Although the embodiments have been explained above, the stroke of the correction valve △
The magnitude of S may be made larger as the slippage of the heavy wheels becomes more severe. In this case, in consideration of changes in vehicle height, the magnitude of ΔS may be determined as a ratio to the value of S obtained based on equation (3). Further, as the stroke adjustment means, an air suspension that adjusts the vehicle height by adjusting air pressure in a flexible bag (diaphragm), which has already been put into practical use, can be used. Of course, the present invention detects wheel slip immediately (Equation (2) or Equation (3)) without performing ABS control or traction control, and detects when this slip exceeds a predetermined value. It can also be made to operate.

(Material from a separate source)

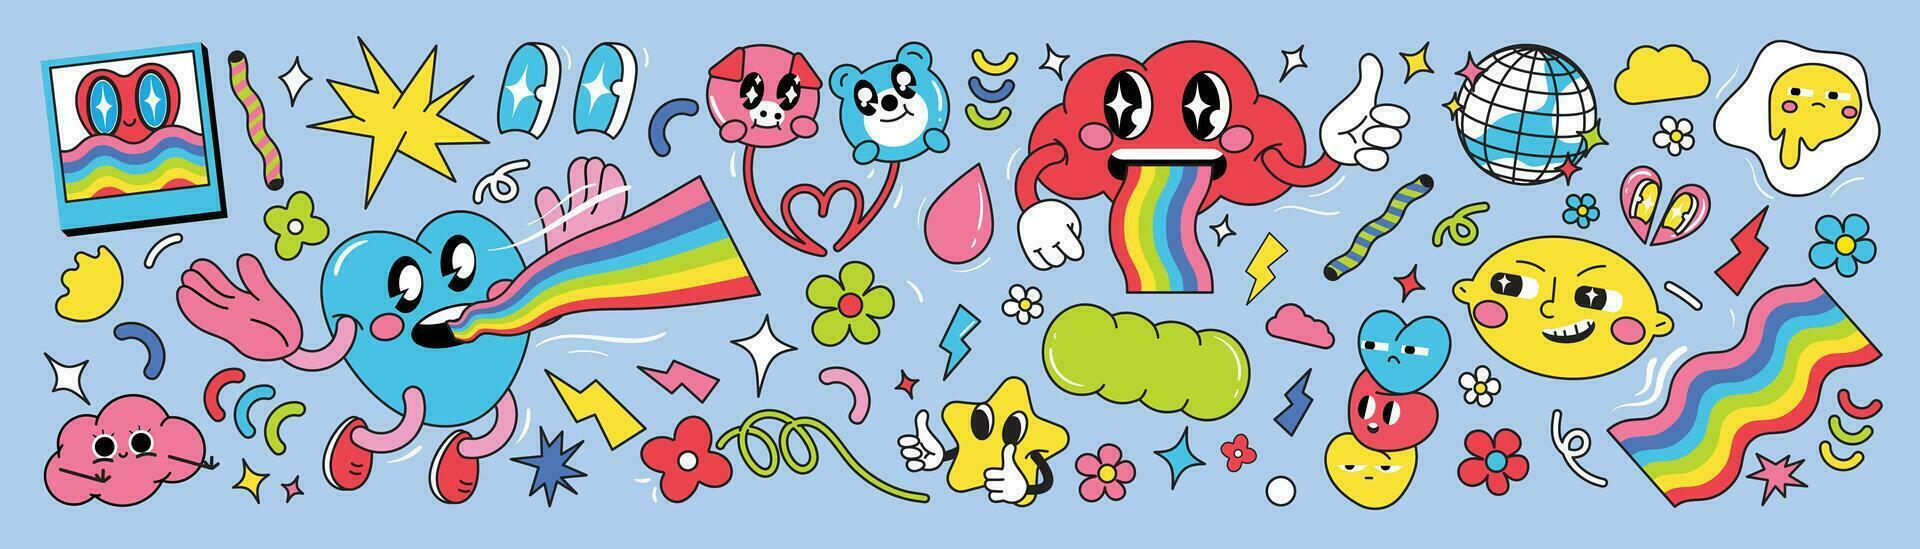 Set of 70s groovy element vector. Collection of cartoon characters, doodle smile face, flower, disco, cloud, heart, sparkle, rainbow, star. Cute retro groovy hippie design for decorative, sticker. vector

(Effects of the Invention) As is clear from the above description, the present invention effectively utilizes the stroke adjustment means interposed between the spring F heavy electric and the unsprung weight to quickly correct wheel slip. can be done.

[Brief explanation of the drawing]

FIG. 1 is an overall system diagram showing one embodiment of the present invention. FIGS. 2 and 3 are flowcharts illustrating a control example of the present invention. FIG. 4 is a block diagram showing the configuration of the present invention. 1: Cars 2-5: Wheels (unsprung weight) 41: Hydraulic cylinder (stroke adjustment means) 50: Control unit 47: Control valves 51-54: Sensor (rotation speed) 55: Sensor (stroke) 56: Sensor (load) )

Claims (1)

[Claims] (1) A stroke adjusting means for adjusting the stroke between the sprung weight and the unsprung weight, a slip detecting means for detecting wheel slip, and controlling the stroke adjusting means when wheel slip is detected. and stroke control means for increasing the ground load of the slipping wheel by increasing the stroke between the sprung weight and the unsprung weight. Device.